--- START ---
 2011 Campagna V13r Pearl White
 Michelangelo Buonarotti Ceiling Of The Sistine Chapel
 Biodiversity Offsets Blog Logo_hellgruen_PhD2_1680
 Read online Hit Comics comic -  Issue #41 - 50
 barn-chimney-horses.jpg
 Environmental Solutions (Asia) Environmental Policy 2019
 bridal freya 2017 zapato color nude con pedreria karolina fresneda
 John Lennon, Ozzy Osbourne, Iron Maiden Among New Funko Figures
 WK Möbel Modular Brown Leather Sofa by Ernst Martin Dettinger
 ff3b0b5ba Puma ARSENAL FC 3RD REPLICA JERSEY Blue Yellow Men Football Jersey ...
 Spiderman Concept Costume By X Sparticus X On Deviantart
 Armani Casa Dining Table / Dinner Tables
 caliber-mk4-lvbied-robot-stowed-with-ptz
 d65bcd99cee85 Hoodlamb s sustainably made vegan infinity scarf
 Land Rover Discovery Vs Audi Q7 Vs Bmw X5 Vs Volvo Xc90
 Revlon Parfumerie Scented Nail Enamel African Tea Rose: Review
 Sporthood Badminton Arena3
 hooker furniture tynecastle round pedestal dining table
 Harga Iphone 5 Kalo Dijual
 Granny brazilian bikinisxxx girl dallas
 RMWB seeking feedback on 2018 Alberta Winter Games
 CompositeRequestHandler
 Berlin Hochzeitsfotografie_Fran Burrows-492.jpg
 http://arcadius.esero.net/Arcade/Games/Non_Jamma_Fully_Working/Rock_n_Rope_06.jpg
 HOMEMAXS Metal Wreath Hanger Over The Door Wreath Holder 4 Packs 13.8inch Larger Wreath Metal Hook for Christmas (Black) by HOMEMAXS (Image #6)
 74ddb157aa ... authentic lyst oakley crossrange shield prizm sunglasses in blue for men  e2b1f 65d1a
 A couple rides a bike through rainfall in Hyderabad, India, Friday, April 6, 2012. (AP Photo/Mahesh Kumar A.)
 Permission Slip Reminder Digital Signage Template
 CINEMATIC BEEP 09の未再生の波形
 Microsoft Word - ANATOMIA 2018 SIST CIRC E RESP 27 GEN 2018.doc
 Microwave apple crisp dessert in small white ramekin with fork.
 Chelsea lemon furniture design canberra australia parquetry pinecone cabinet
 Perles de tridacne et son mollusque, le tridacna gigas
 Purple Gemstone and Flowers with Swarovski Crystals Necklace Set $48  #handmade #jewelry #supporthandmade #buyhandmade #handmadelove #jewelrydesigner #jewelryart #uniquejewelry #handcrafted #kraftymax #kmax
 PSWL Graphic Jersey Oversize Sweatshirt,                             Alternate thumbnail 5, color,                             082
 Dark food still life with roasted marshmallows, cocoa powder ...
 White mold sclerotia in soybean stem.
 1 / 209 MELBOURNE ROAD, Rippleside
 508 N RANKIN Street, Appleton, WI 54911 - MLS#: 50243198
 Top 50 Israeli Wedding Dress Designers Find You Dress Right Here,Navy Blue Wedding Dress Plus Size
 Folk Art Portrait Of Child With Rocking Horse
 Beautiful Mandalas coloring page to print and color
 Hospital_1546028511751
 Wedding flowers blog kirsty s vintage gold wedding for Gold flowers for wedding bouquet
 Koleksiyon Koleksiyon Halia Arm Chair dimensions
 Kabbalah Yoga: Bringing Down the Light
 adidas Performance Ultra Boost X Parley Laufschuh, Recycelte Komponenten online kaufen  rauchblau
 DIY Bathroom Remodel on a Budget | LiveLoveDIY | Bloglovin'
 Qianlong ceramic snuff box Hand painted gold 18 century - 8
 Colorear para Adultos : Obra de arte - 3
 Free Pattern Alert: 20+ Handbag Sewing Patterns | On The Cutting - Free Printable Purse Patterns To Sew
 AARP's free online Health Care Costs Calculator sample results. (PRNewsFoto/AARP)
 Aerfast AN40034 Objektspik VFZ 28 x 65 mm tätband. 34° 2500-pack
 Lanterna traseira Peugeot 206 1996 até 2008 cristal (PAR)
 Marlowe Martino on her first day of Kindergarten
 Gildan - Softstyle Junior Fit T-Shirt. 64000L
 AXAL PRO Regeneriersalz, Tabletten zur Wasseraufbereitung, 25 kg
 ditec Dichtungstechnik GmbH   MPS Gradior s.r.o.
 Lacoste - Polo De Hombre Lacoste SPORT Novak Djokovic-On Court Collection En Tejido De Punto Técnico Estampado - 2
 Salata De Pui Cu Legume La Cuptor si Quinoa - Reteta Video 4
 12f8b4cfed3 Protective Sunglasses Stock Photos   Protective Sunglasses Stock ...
--- END ---
Take the lines from the start of the records through the line holding "CompositeRequestHandler", both included, and please print them exactly, with nothing else.

● Exercise response:
 2011 Campagna V13r Pearl White
 Michelangelo Buonarotti Ceiling Of The Sistine Chapel
 Biodiversity Offsets Blog Logo_hellgruen_PhD2_1680
 Read online Hit Comics comic -  Issue #41 - 50
 barn-chimney-horses.jpg
 Environmental Solutions (Asia) Environmental Policy 2019
 bridal freya 2017 zapato color nude con pedreria karolina fresneda
 John Lennon, Ozzy Osbourne, Iron Maiden Among New Funko Figures
 WK Möbel Modular Brown Leather Sofa by Ernst Martin Dettinger
 ff3b0b5ba Puma ARSENAL FC 3RD REPLICA JERSEY Blue Yellow Men Football Jersey ...
 Spiderman Concept Costume By X Sparticus X On Deviantart
 Armani Casa Dining Table / Dinner Tables
 caliber-mk4-lvbied-robot-stowed-with-ptz
 d65bcd99cee85 Hoodlamb s sustainably made vegan infinity scarf
 Land Rover Discovery Vs Audi Q7 Vs Bmw X5 Vs Volvo Xc90
 Revlon Parfumerie Scented Nail Enamel African Tea Rose: Review
 Sporthood Badminton Arena3
 hooker furniture tynecastle round pedestal dining table
 Harga Iphone 5 Kalo Dijual
 Granny brazilian bikinisxxx girl dallas
 RMWB seeking feedback on 2018 Alberta Winter Games
 CompositeRequestHandler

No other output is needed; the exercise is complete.